» Data excerpt:
________________________

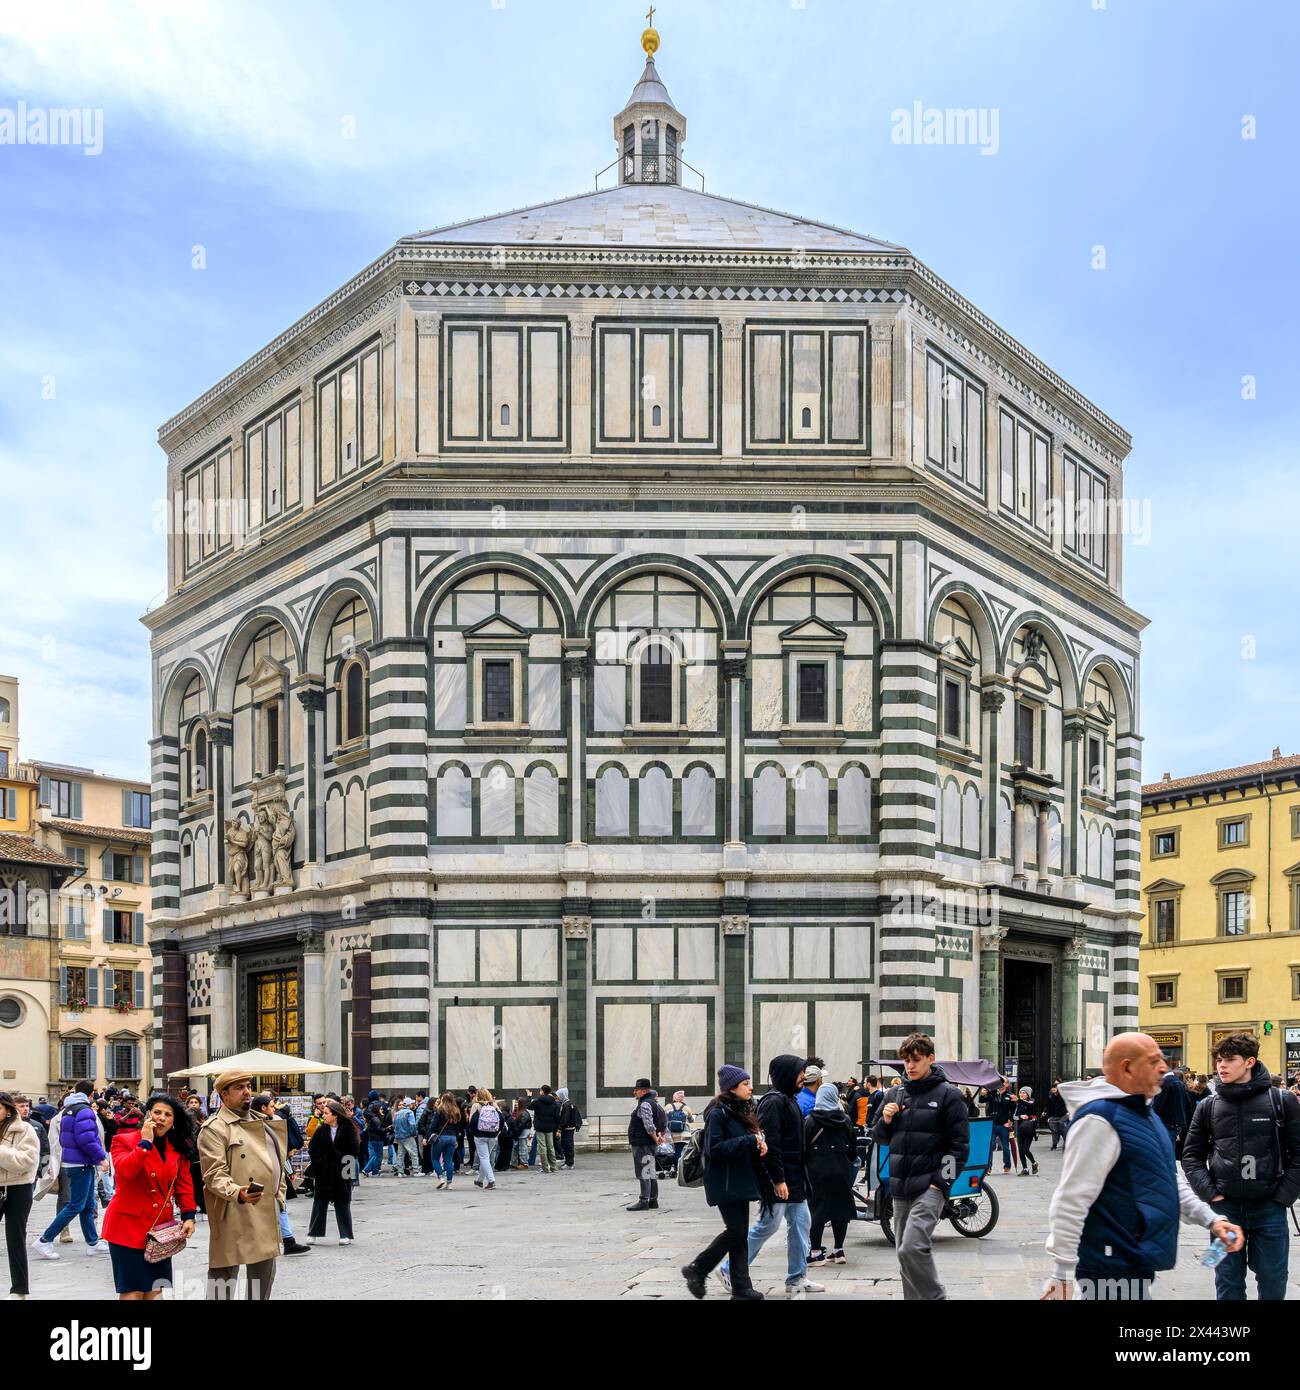 Battistero ottagonale di San Giovanni (Battistero di San Giovanni) di fronte alla Cattedrale di Santa Maria del Fiore, gli edifici più rappresentativi di Firenze. Foto Stock
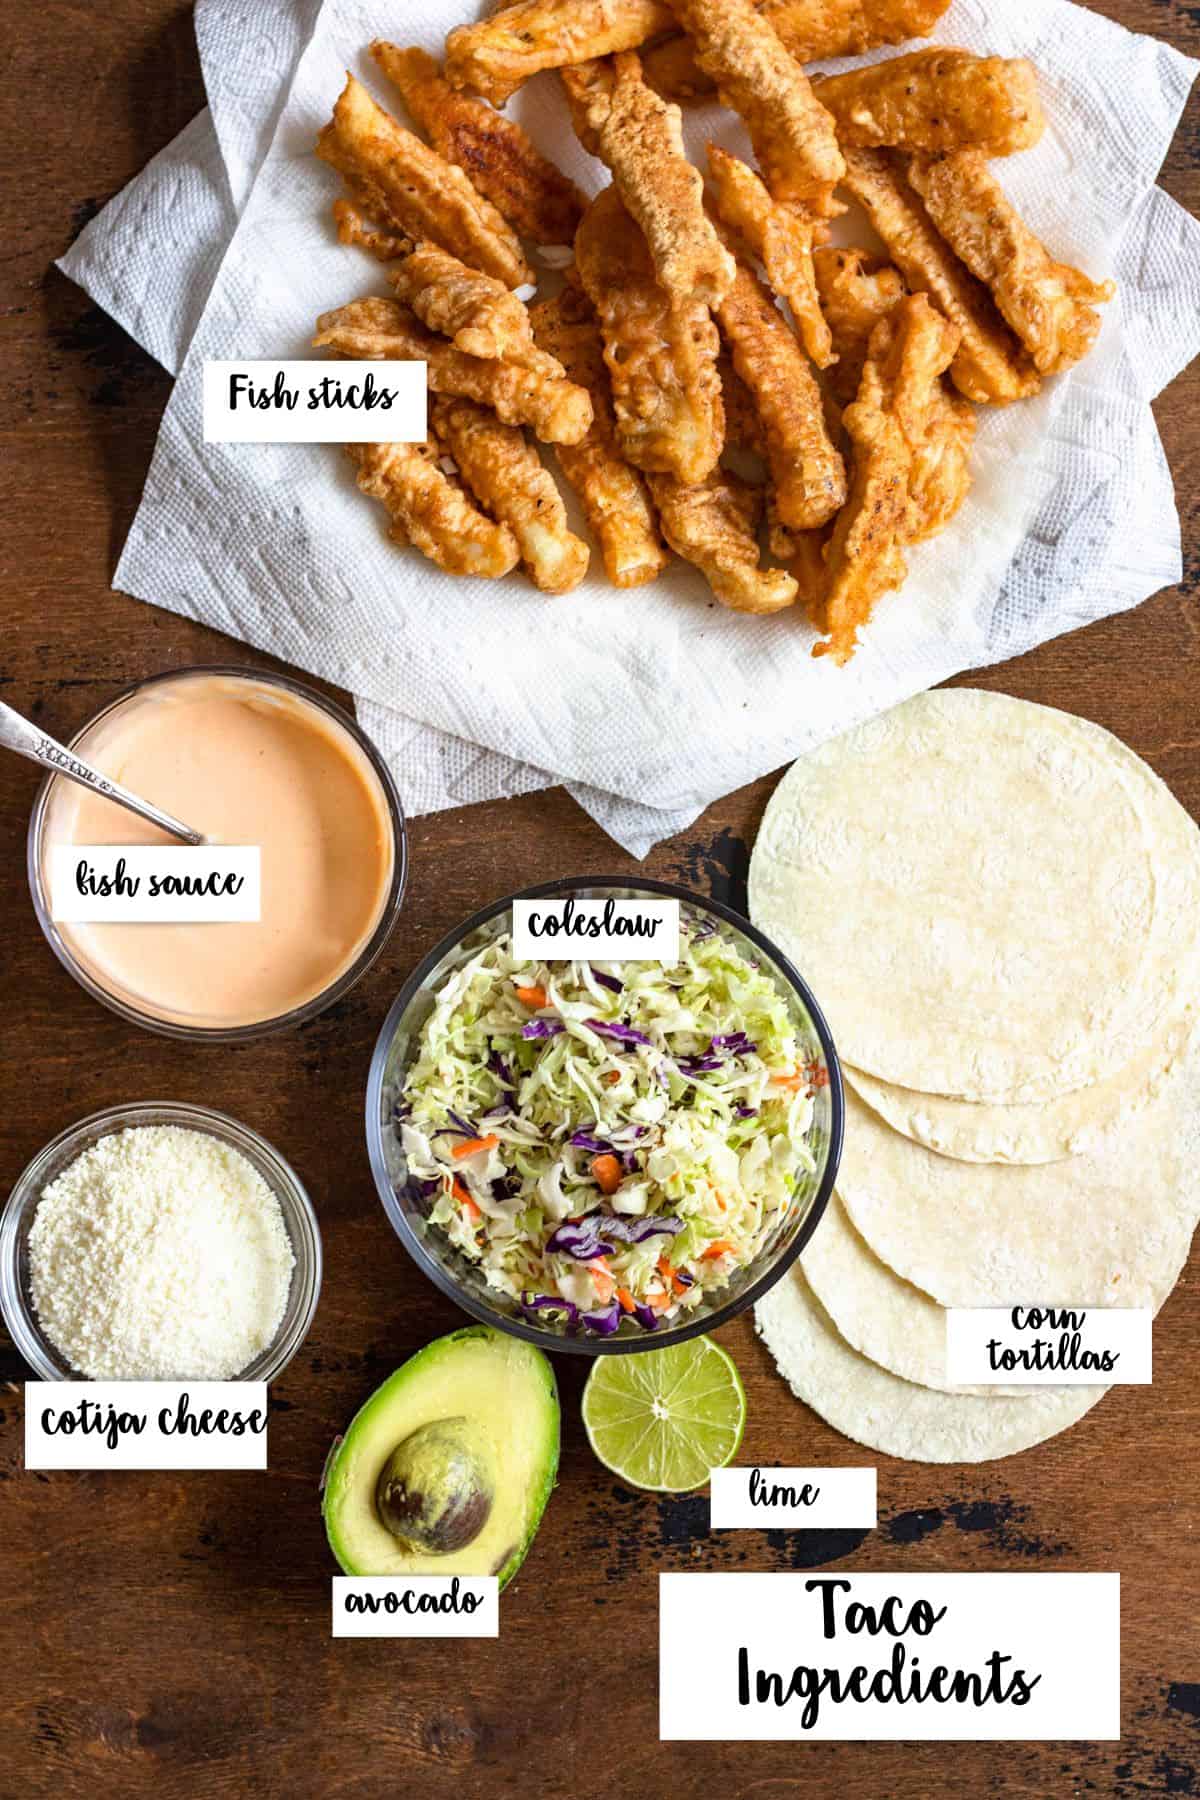 Ingredients to build tacos de pescado with. 
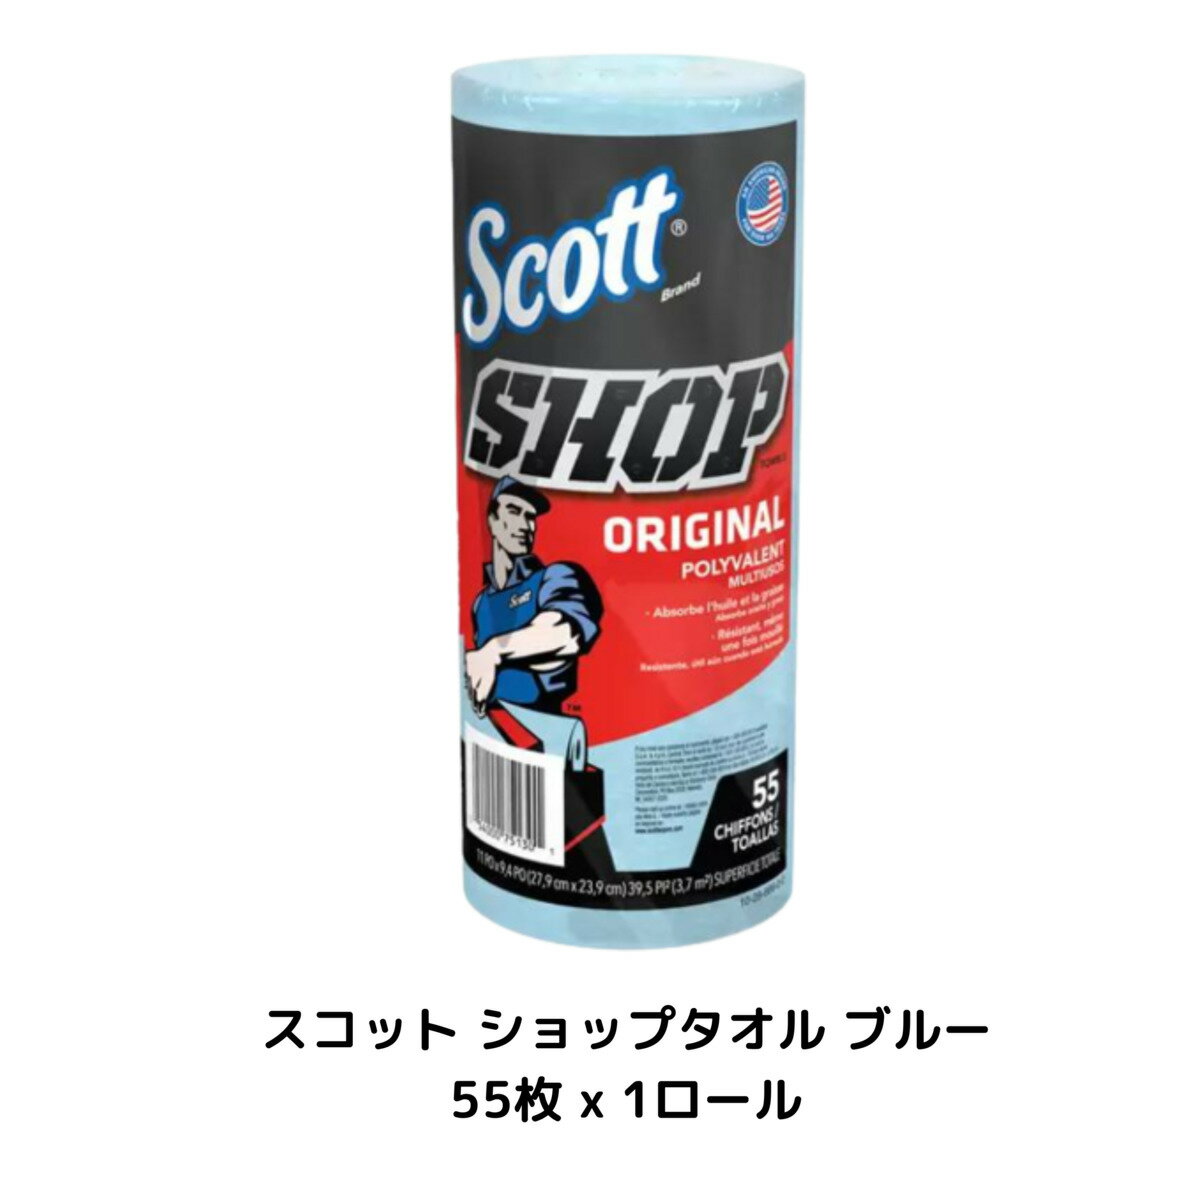 スコット ショップタオル ブルー 55枚 x 1ロール コストコ 1509965
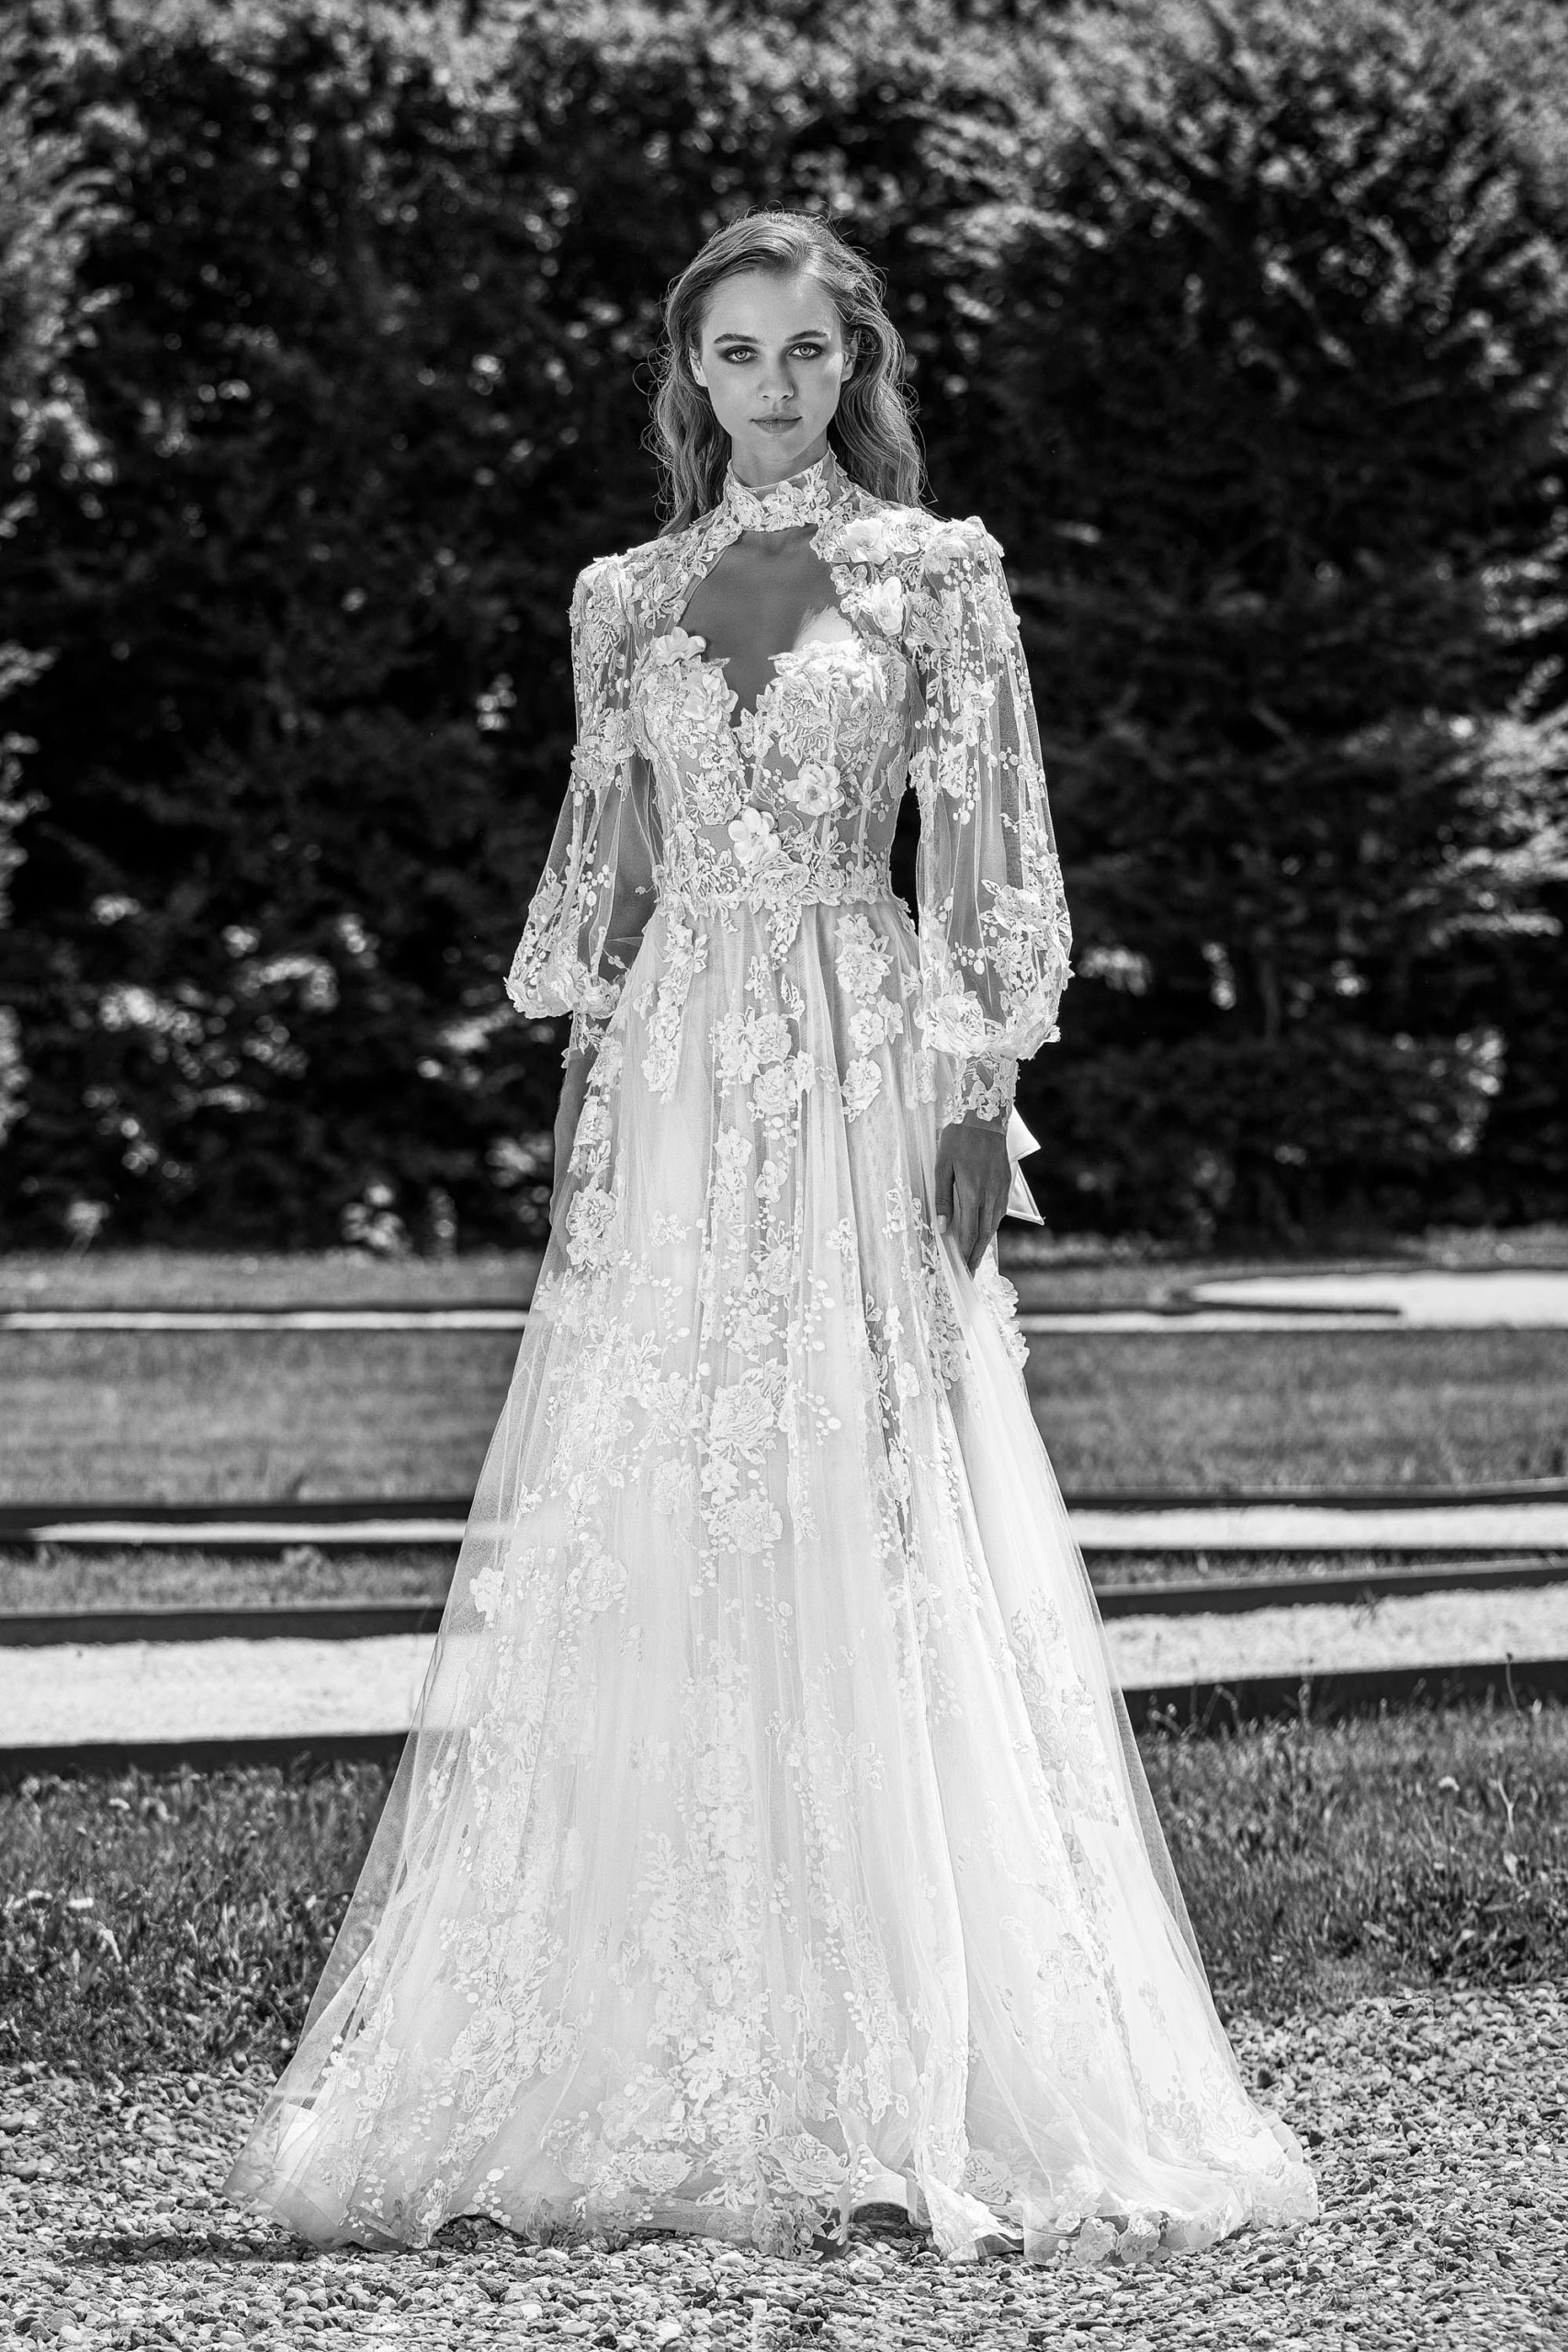 Atelier Abiti Sposa Reggio Calabria: L'Avant-Garde Vogue Style per Una Sposa da Sogno - Scopri la Haute Couture per il Tuo Matrimonio

________________________

» Your assignment:
The finished copy should match the data above word for word and contain no pictures.

» Task answer:
 Battistero ottagonale di San Giovanni (Battistero di San Giovanni) di fronte alla Cattedrale di Santa Maria del Fiore, gli edifici più rappresentativi di Firenze. Foto Stock
 Ingredients to build tacos de pescado with. 
 スコット ショップタオル ブルー 55枚 x 1ロール コストコ 1509965
 Atelier Abiti Sposa Reggio Calabria: L'Avant-Garde Vogue Style per Una Sposa da Sogno - Scopri la Haute Couture per il Tuo Matrimonio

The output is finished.